Although we didn’t know each other.
My mum just said, “Shut up, it’s a free day out.”
My dad laughed.
So there I was wandering the fairground with this awkward bloke from next door.
We had an ice cream off the guy in the van and walked around the rides a while to see what was what.
We did a few rides, and then the dodgems, but a load of blokes who went to his school scared him off, taking the piss, asking if I was his “new bird”.
Anyway, we ambled off and took refuge in a big, enclosed ride called “The Rotor”.
There was really loud glam rock playing through massive speakers outside the ride, with a bloke with greased-back hair, denim jeans and a leather jacket, complete with silver metal studs, walking up and down with a microphone shouting at people…
“Roll up, roll up, who’s brave enough to ride the Wall of Death?”
“Come on, cowards,” he was shouting with a massive smile… “How about you, my love?” to a couple of young girls.
Then he looks at me and says, “You, mate… you’ll do, you’ll do just fine.”
Then a quick look at Terry.
“Not you, anorak,” he says to Terry, looking at me with a smile. “Only if the kid goes on and looks after you.”
It was the first time I’d laughed all day.
We paid our money and went inside.
WOW, the music was just as loud inside as it was out.

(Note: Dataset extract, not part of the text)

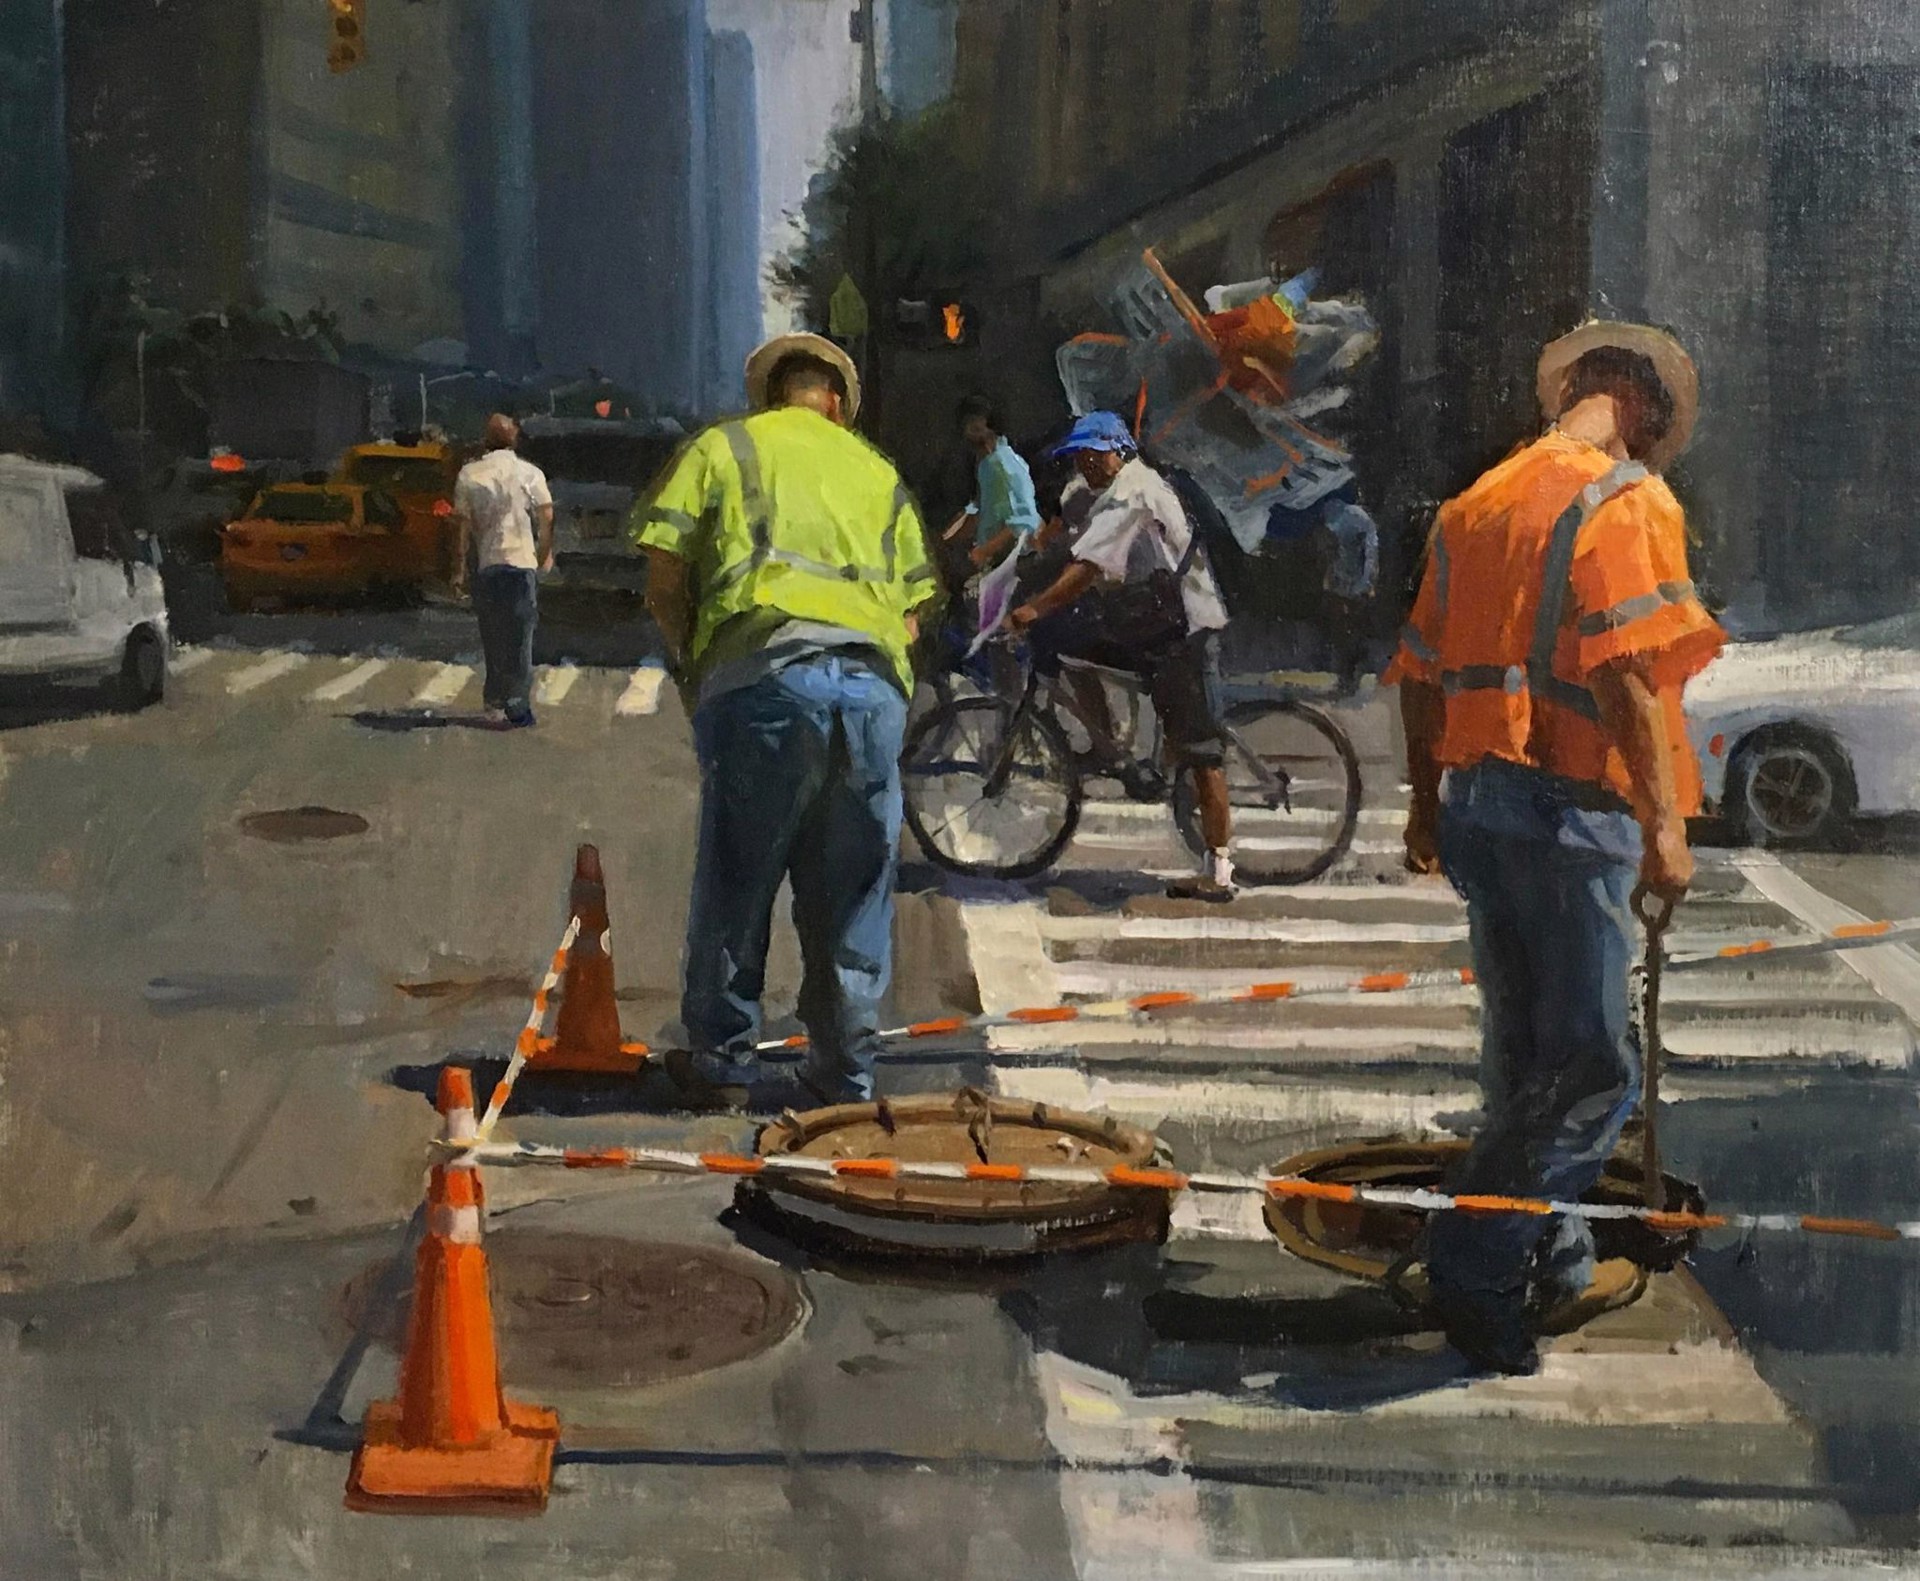 Workers in New York by Kyle Ma

There was a weird brown carpet up the walls and nothing else, just a few lights flashing green and red and a floor.
The music, All the Young Dudes by Mott the Hoople, was blaring when the guy from outside came in and showed us all to stand by the wall, stand up straight while the ride began.
The floor raised up beneath our feet, pushing everyone up the wall. At first I thought, well that was boring, but…
The whole room began to turn. Well blow me down, I’d never known anything like it.
When the ride operator shouts, “Whatever you do, don’t do this…”
then stands on his head.
Faster.
Faster.
Until it was just a blur. I was absolutely stuck to the wall, unable to move. Then the floor dropped away completely. It was the best thing that had ever happened that summer holiday.
I couldn’t imagine a cooler bloke than him, laughing his head off while upside down at how terrified me and Terry were. I laughed so much I nearly wet my pants.
After a few minutes the ride was done and out we went.
Stuff that.
I went straight around and paid for another go. Terry went up the stairs to a bit at the top where you could watch. I did the ride a couple of times again, it never got boring. Then Terry shouted down that he was bored and going to get something to eat, he’d meet me back there in a while.
The last time I did the Rotor (I was skint by now), the operator fella came on again, shouting that nobody was allowed to do this…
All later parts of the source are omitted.